ABOUT THIS TASK: Span requested from the data below: the line with "E-Flat Melodic Minor" through the line with "Blau-weiße Meiping-Vase im", both included. Give only these lines again, exactly, and leave every picture out.

SUPPLIED RECORDS:
:::

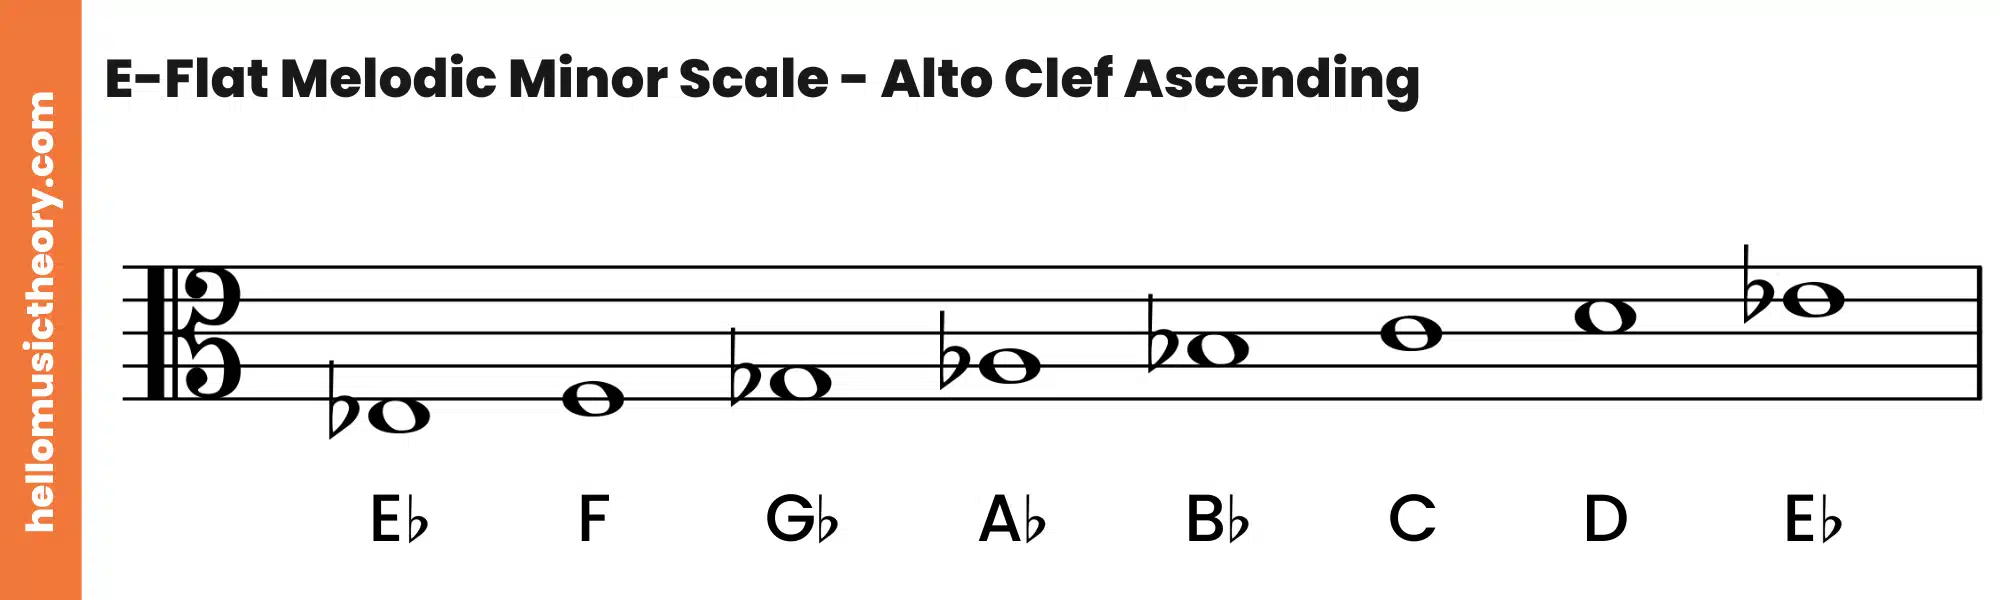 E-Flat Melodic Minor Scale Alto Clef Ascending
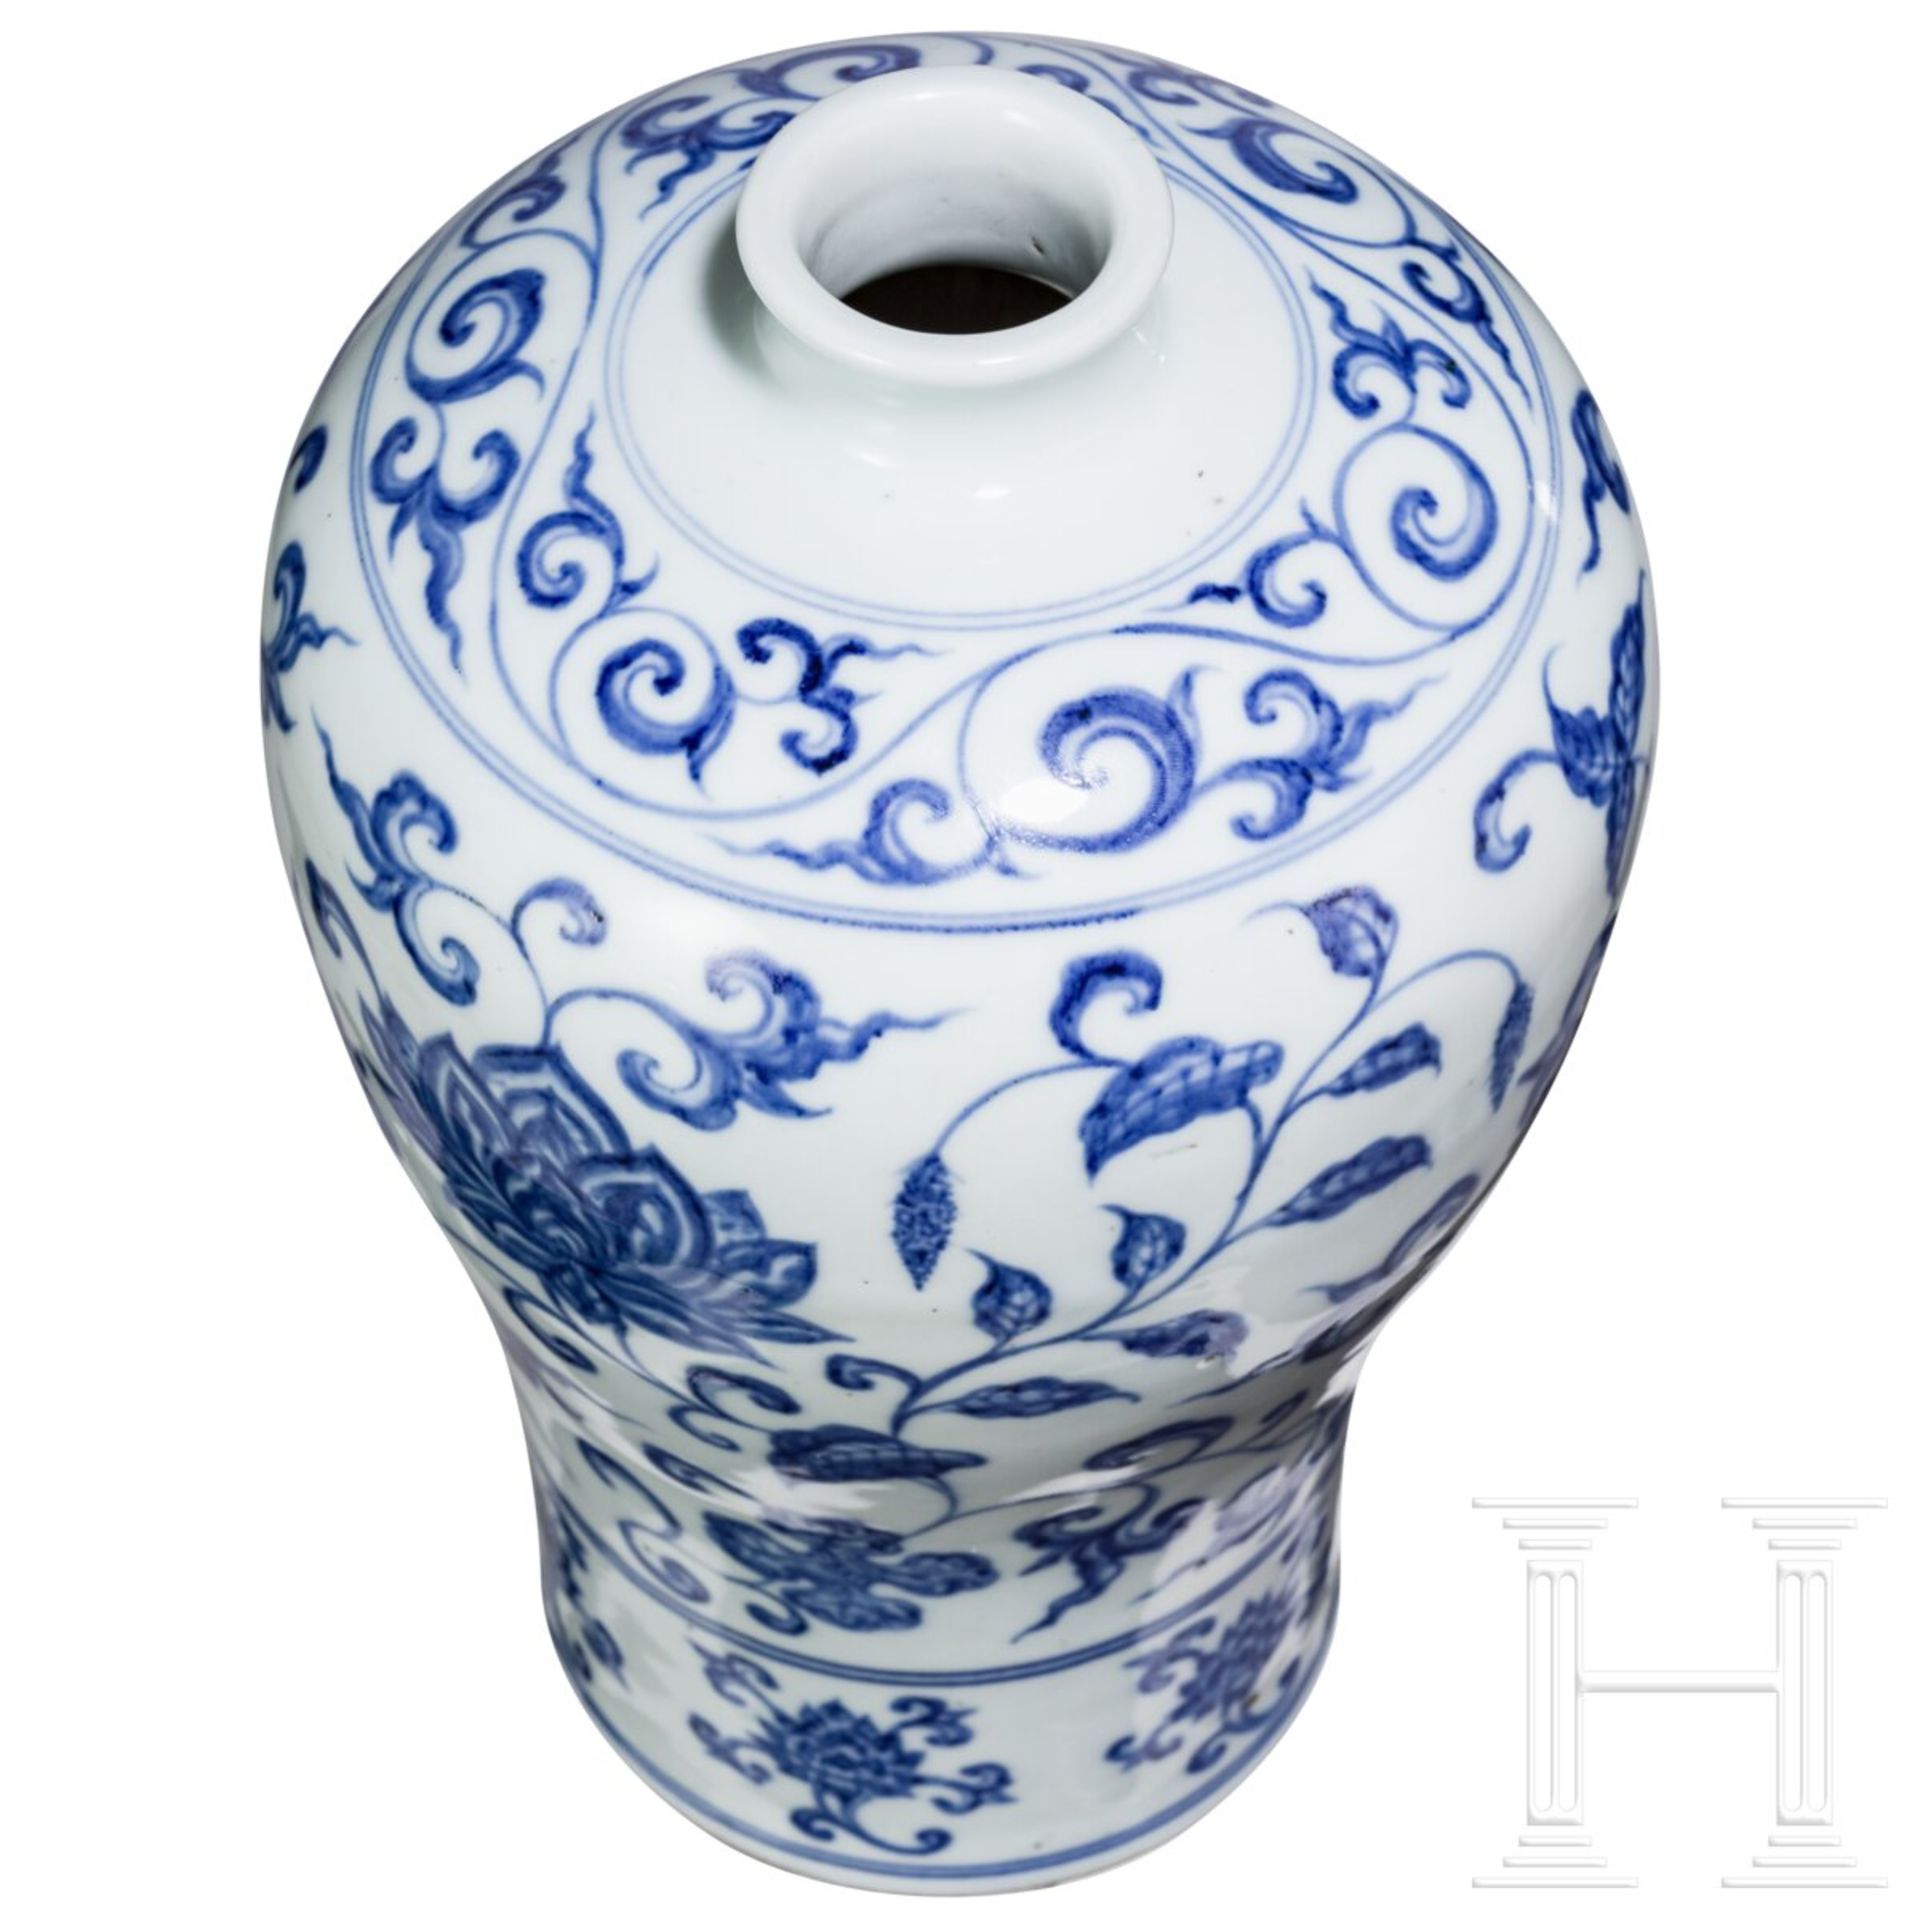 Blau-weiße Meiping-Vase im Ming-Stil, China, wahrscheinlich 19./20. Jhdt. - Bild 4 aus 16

:::

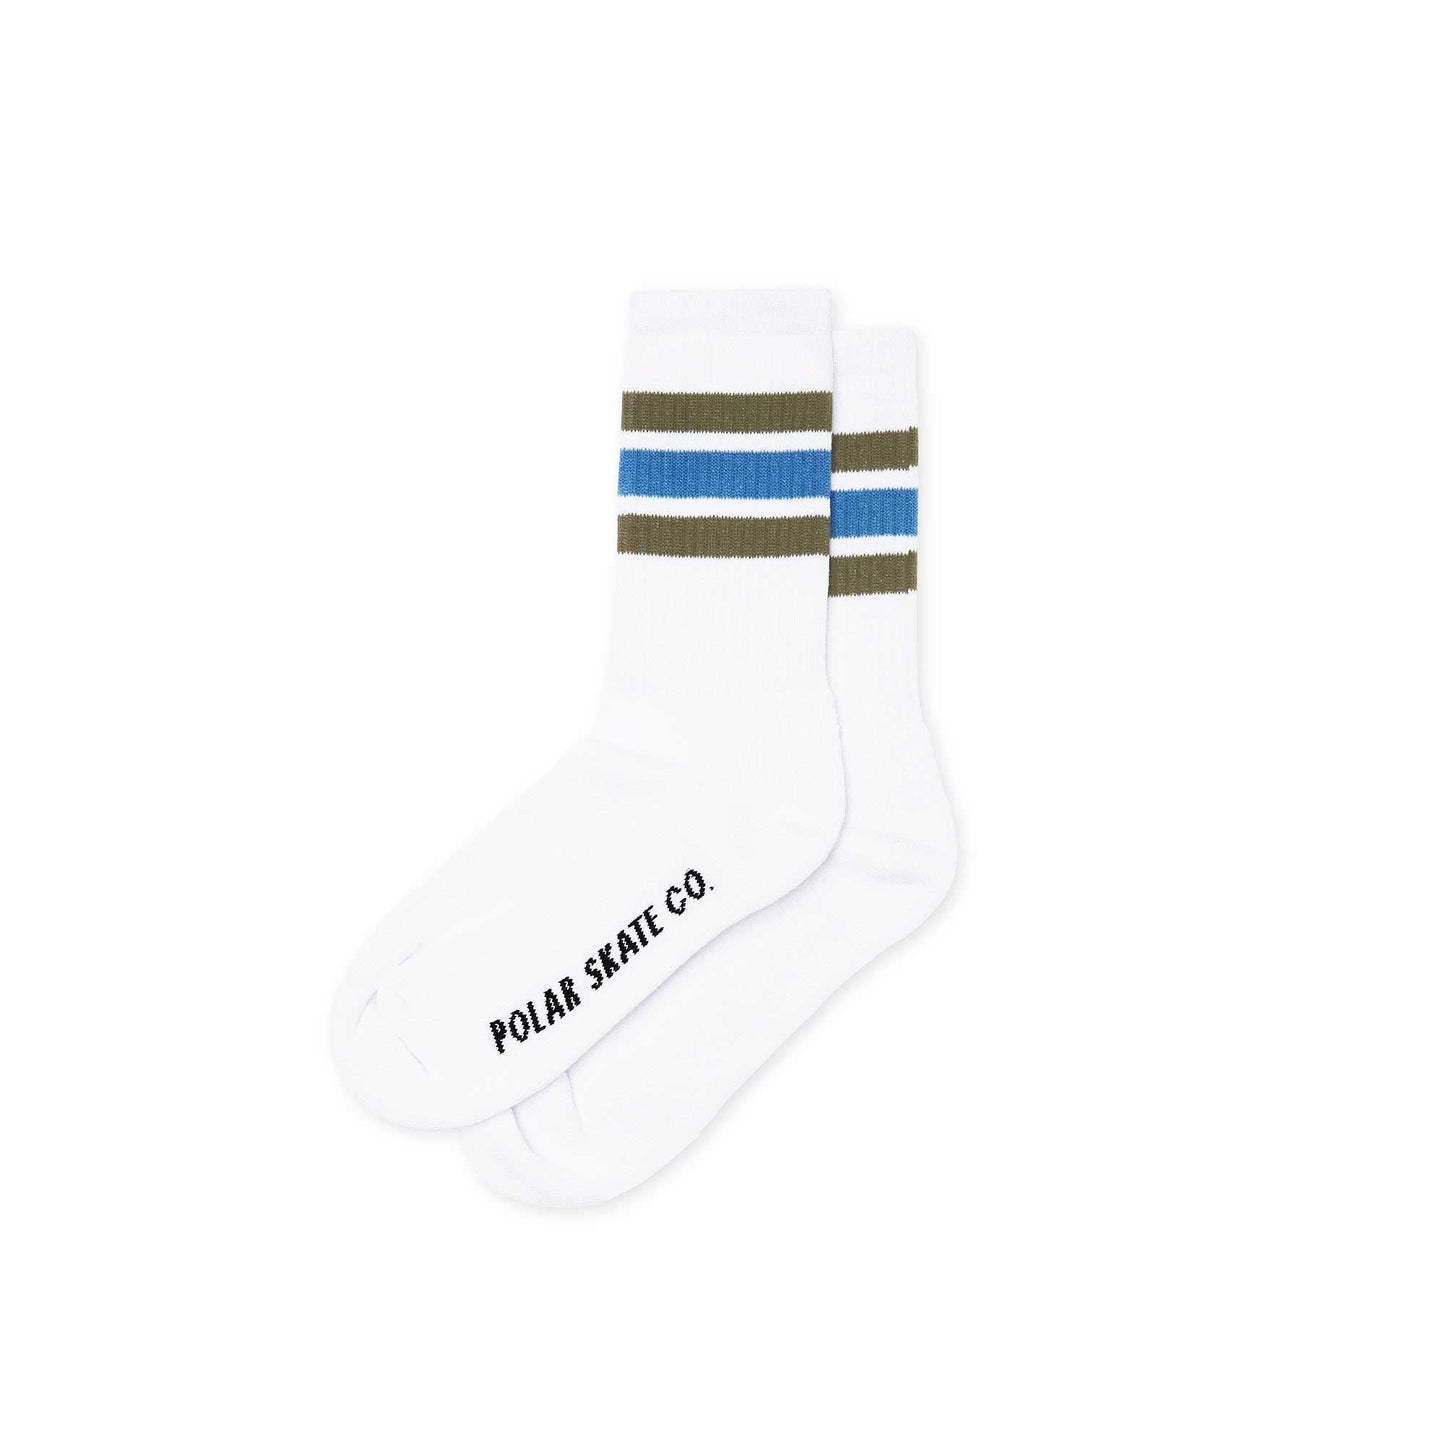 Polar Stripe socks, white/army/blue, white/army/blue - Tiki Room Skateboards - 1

:::

SOLUTION FOR THIS PROBLEM:
 E-Flat Melodic Minor Scale Alto Clef Ascending
 Blau-weiße Meiping-Vase im Ming-Stil, China, wahrscheinlich 19./20. Jhdt. - Bild 4 aus 16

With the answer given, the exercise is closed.